Table 1 Primer sequences used for amplifying the camel, hippo, and giraffe GH genes
Figure 1
figure 1

Cloning of the GH genes from camel, hippo, and giraffe genomic DNAs. Exons are shown in black and introns in white. Regions of the genes amplified by the PCR primer sets used are indicated. Primer sequences are shown in Table 1. The camel GH gene was cloned using primer set 1 (1936 bp); the giraffe gene using primer sets 2 (1932 bp), 3 (1776 bp), and 4 (1366 bp); and the hippo gene using primer sets 5 (1770 bp), 6 (1900 bp), and 7 (1320 bp).

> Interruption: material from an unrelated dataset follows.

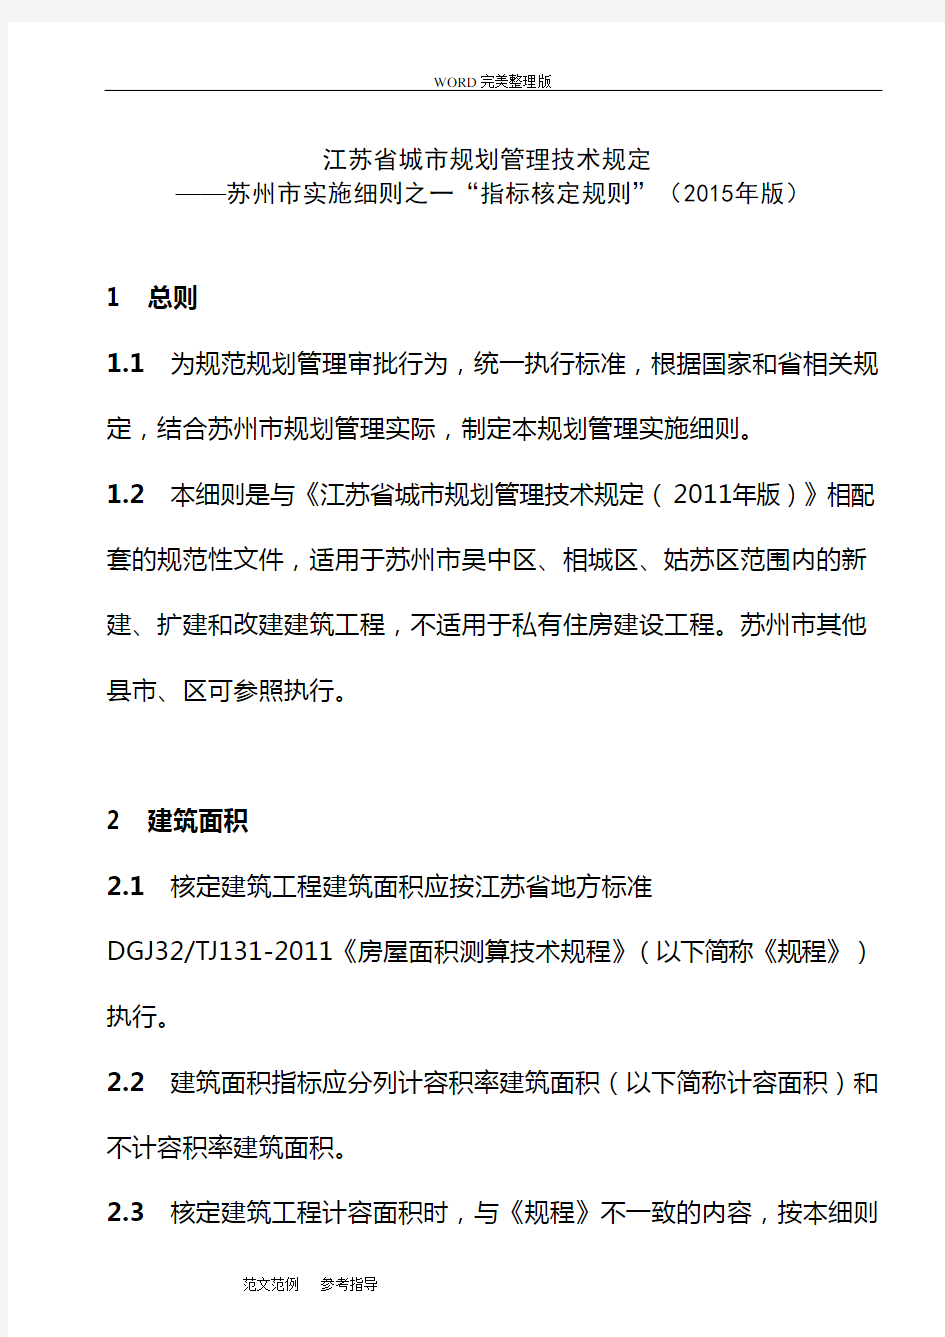 江苏省城市规划管理技术规定-苏州市实施细则之一“指标核定规则”(2015年版)

Cloning and Sequencing of the GH Gene

PCR products were cloned into the phagemid PCR-Script Amp SK(+) vector according to the instructions of the PCR-Script Amp SK(+) cloning kit (Stratagene) and transformed into the supercompetent E. coli cells provided with the kit. Double-stranded phagemids carrying PCR products were prepared by the QIAprep Miniprep procedure (Qiagen) and subjected to automatic DNA sequencing, using DNA sequencing services provided by GENPAK (University of Sussex), SEQLAB (Gottingen, Germany), Genescreen Ltd. (New Milton, Hants, UK), and MWG-Biotech (Ebersberg, Germany). To correct for potential errors arising during PCR amplification, sequencing was carried out on at least two clones, derived from independent PCR reactions, for the whole GH gene; both DNA strands were sequenced. In the case of hippo and giraffe, initially ambiguous results were subsequently explained by the presence of two gene sequences.

Sequence Analysis.

GH gene and protein sequences were aligned with those available for other mammalian GHs using the ClustalW program (Higgins and Sharp 1988), followed by manual adjustment. Phylogenetic analysis was carried out using parsimony, neighbor-joining, and maximum likelihood options in PAUP (Swofford 1998). Analysis of rate variation in GH evolution was carried out using the neighbor-joining method in PAUP, with a defined tree. MacClade (Maddison and Maddison 1992) and PHYLIP (Felsenstein 1993) were also used for phylogenetic analysis. Nonsynonymous (K a) and synonymous (K s) substitution rates in coding sequence were determined using the method of Nei and Gojobori (1986), as modified to allow correction for transition/transversion ratios by Zhang et al. (1998) and Zhang and Nei (2000), and a matrix containing these was used as input for the neighbor joining option in PAUP. Significance of differences between ratios was tested using Fisher’s exact test (Zhang et al. 1998). Sequence alignments and accession numbers of sequences can be found at the following Web site: http://www.biols.sussex.ac.uk/Home/Mike_Wallis/GHAlign/.

Results and Discussion

Cetartiodactyl GH Genes

Pairs of PCR primers designed on the basis of known sequences for cetartiodactyl GH genes allowed amplification of fragments of camel, hippo, and giraffe genomic DNAs corresponding to sizes expected for the GH gene (Fig. 1). The amplified DNA was cloned and clones obtained were subjected to DNA sequencing. Sequencing was hindered in the case of the camel gene, presumably by the presence of secondary structure; the problem was overcome by using betaine and sequencing primers close to the problem regions. As sequencing progressed it became clear that for hippo and for giraffe there were two very similar GH gene sequences, and both of these were sequenced in each case. For each gene examined, both DNA strands were sequenced and all ambiguities were resolved.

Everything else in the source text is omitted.